He moved his other hand down my arm and across my hip, landing his hand firmly at the small of my back. His touch was warm through the fabric of my shirt, and my skin felt as if it was on fire. The hand on my chin moved to the back of my neck, where his fingers became entangled in my hair, still damp from his tears.

"Martha," he whispered, and I closed my eyes. He moved his lips closer still to mine, the sound of my name hitting my parted lips. And finally he took them in his. Tenderly, passionately, he locked his lips with mine, not biting, not forcing, but simply relishing in the warmth, flavor, and movement of our mouths together. This was a sober kiss, a resolute kiss, a kindhearted, melting kiss. This was the kiss from a man who needed comfort, but didn't know how to ask for it, who needed to express something deeper than infatuation, but could not say the word. The Doctor needed love.

Our kiss continued, growing more passionate. I felt him pull me closer, and I moved my right hand up his chest and into his soft, disheveled hair, gripping his head and tangling my fingers in his hair. That gesture seemed to affect him, as his hold on me grew tighter. I wanted to get closer, so I moved my other hand from his lapel and moved it slowly down his slender chest, concealed by his button-up shirt and tie, around his hip, underneath both his coats, and up his back, planting my fingers into his strong shoulder blade. He responded by moving closer, and the space between our hips and chests vanished, sending tingles from the points of contact all the way to my fingertips. I couldn't help letting out a soft "mmm…" into his mouth, and his lips curled into a slight smile.

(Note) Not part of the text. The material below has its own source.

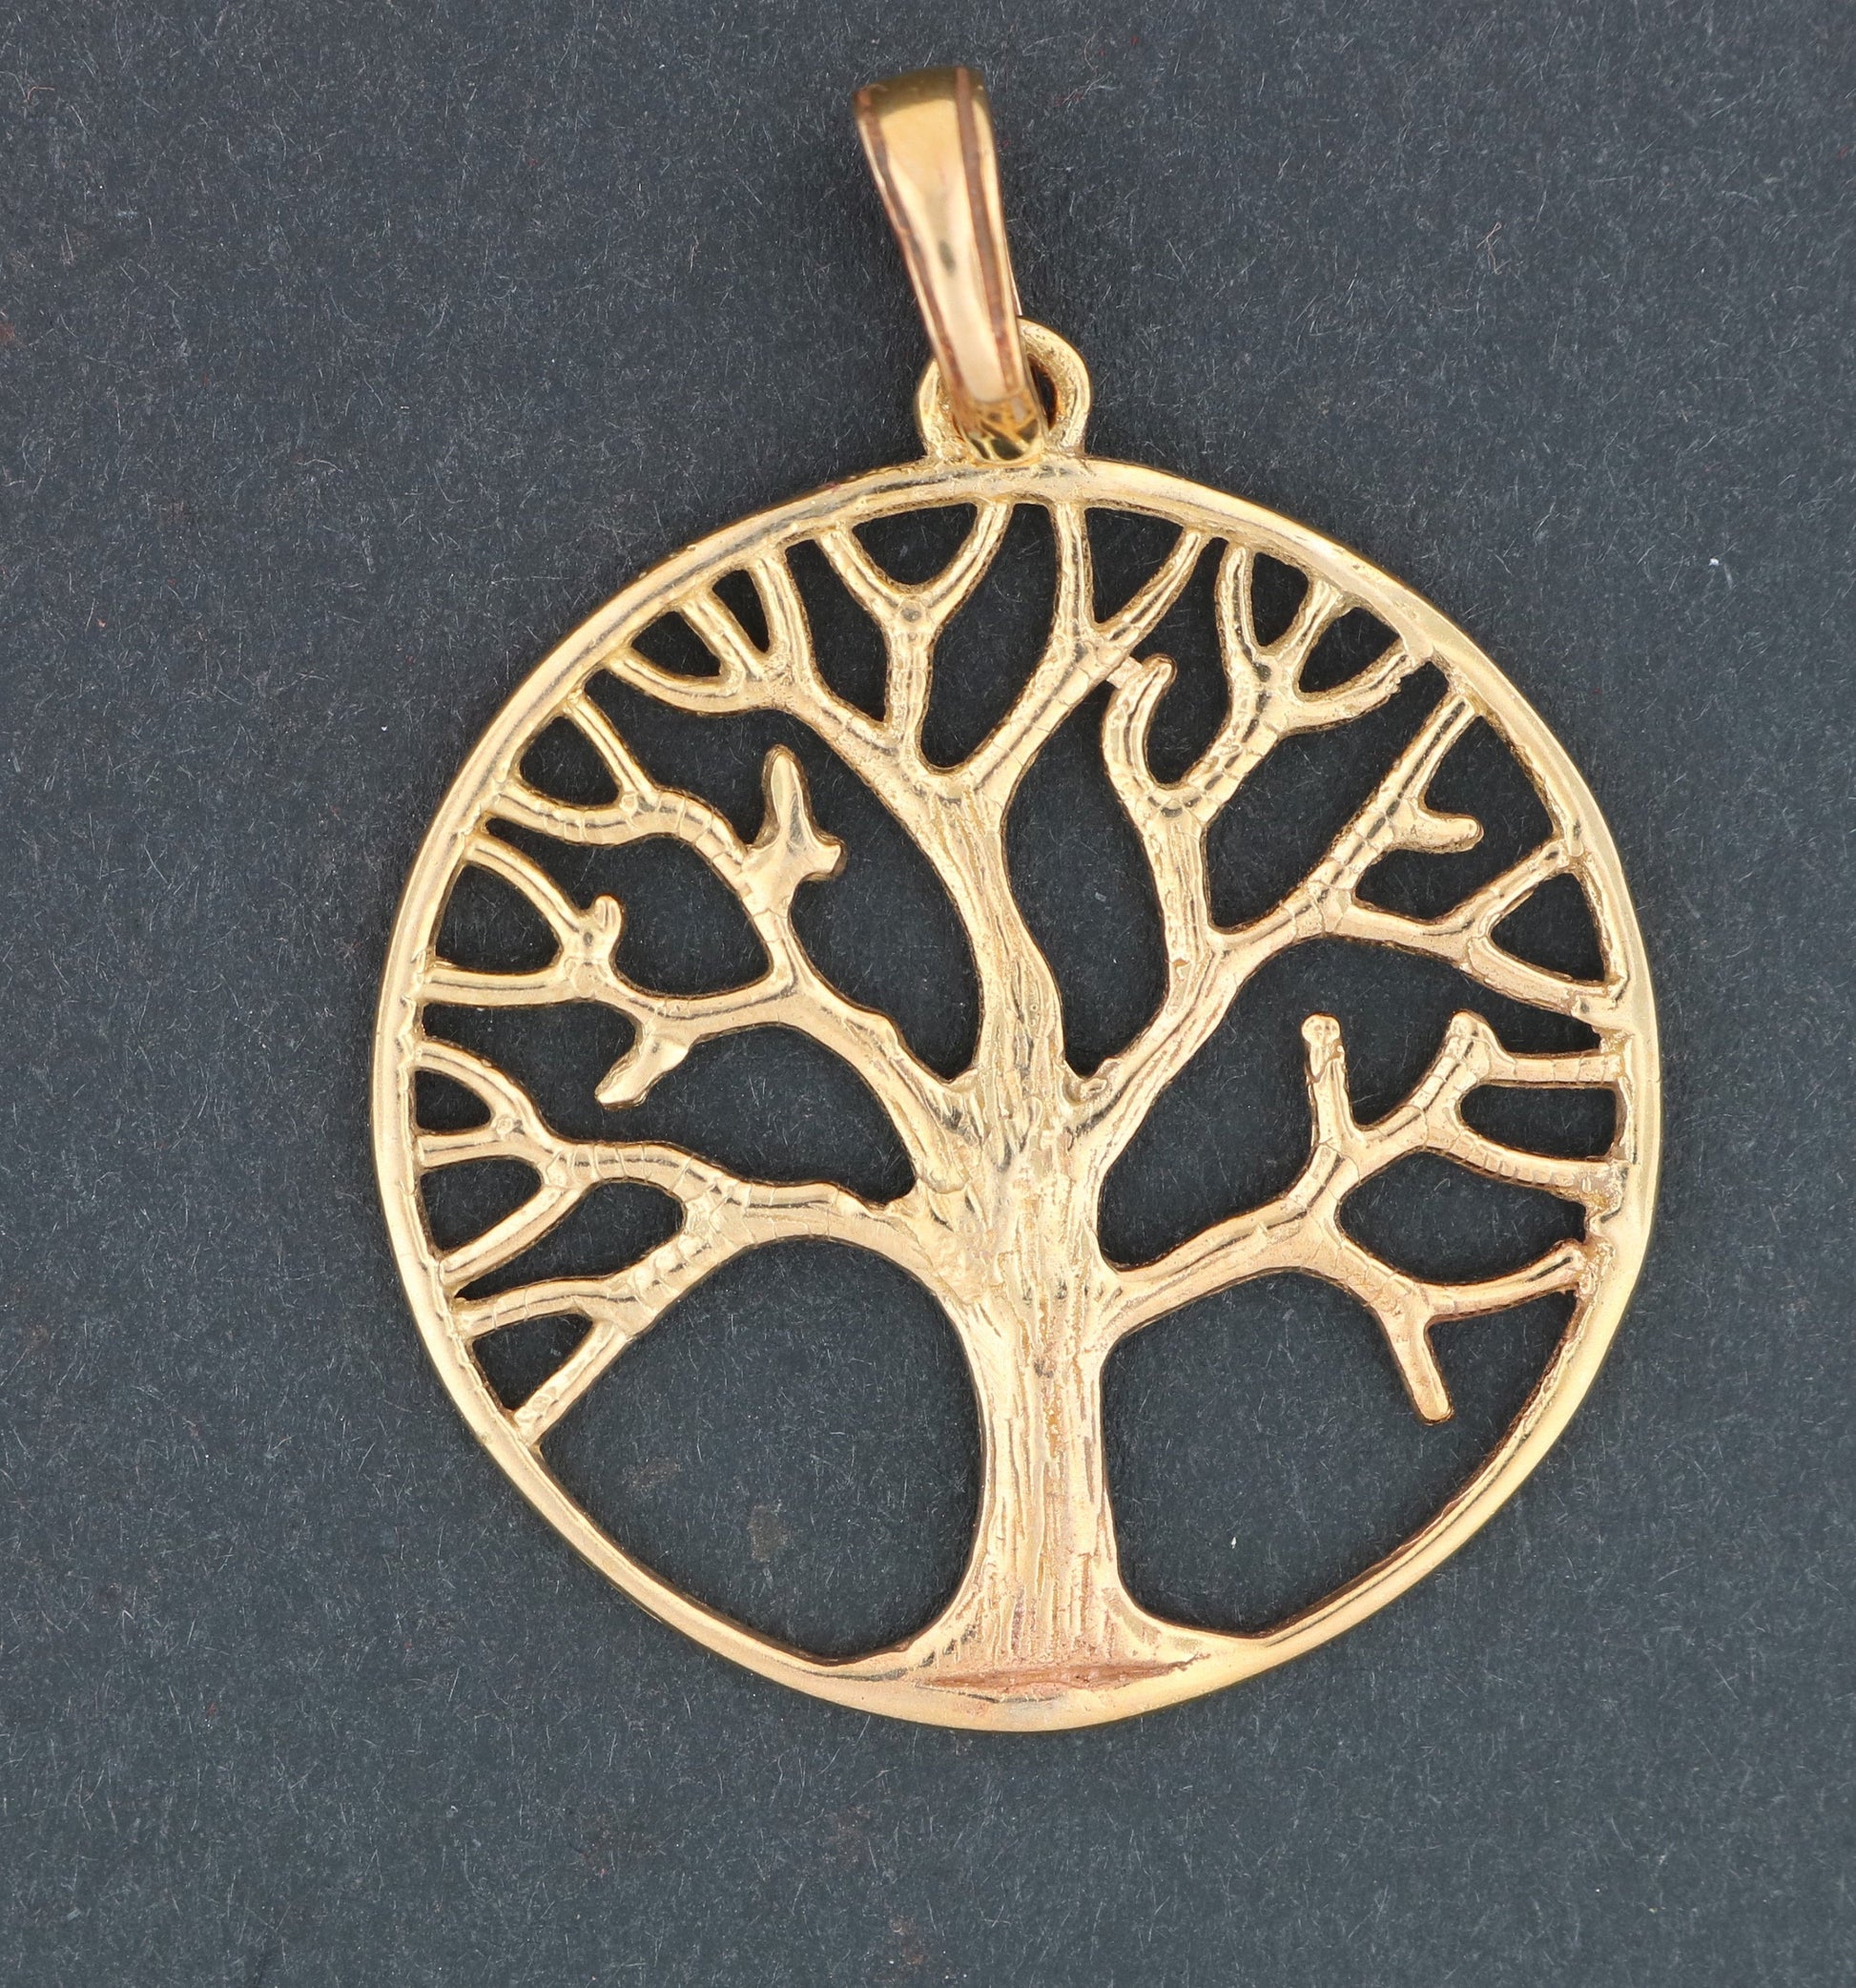 Tree of Life Pendant in Sterling Silver or Antique Bronze, Yggdrasil Tree Pendant, Wicca Silver Jewelry, Silver Wican Jewelry, Bronze Wiccan Jewelry, Silver Pagan Pendant, Bronze Pagan Pendant, Silver Esoteric Jewelry, Bronze Esoteric Jewelry, Silver Tree Of Life Pendant, Bronze Tree Of Life Pendant, Yggdrasil Silver Pendant, Yggdrasil Bronze Pendant, Silver Witch Pendant, Bronze Witch Pendant

Oh, this beautifully broken man, who had the universe at his fingers; the Time Lord who had seen the birth of a thousand planets and the death of a thousand stars; The Doctor who had saved a billion lives and had destroyed just as many; the last of his race, forever an alien, forever a sojourner; this magnificent and shattered man… how I loved him. This Doctor could be anywhere in the universe, any time, with anyone… and he was here, with me, embracing me, kissing me. The incredible, ancient man who can speak to stars, yet cannot speak of his own need to love and be loved, was here, speaking to me through his touch.

"I love you, Doctor," I whispered into his lips. He responded by pulling at my bottom lip with his, and then stopped. Without a word, his lips were gone, but I dared not open my eyes, not wanting this moment to end. I felt his face brush past mine, and he rested his chin on my right shoulder, and pulled me in tighter. There we were again, in that delicious embrace, his hand still holding my head, my hand still tangled in his hair. I felt his body shudder again as we hugged, and understood him to be releasing more emotions that he could not speak of. His love seemed to pour out of him, enveloping me, and I felt him hold back more tears. With our faces so close, he pressed his temple into mine, and I felt a wave of his mind crashing into my own.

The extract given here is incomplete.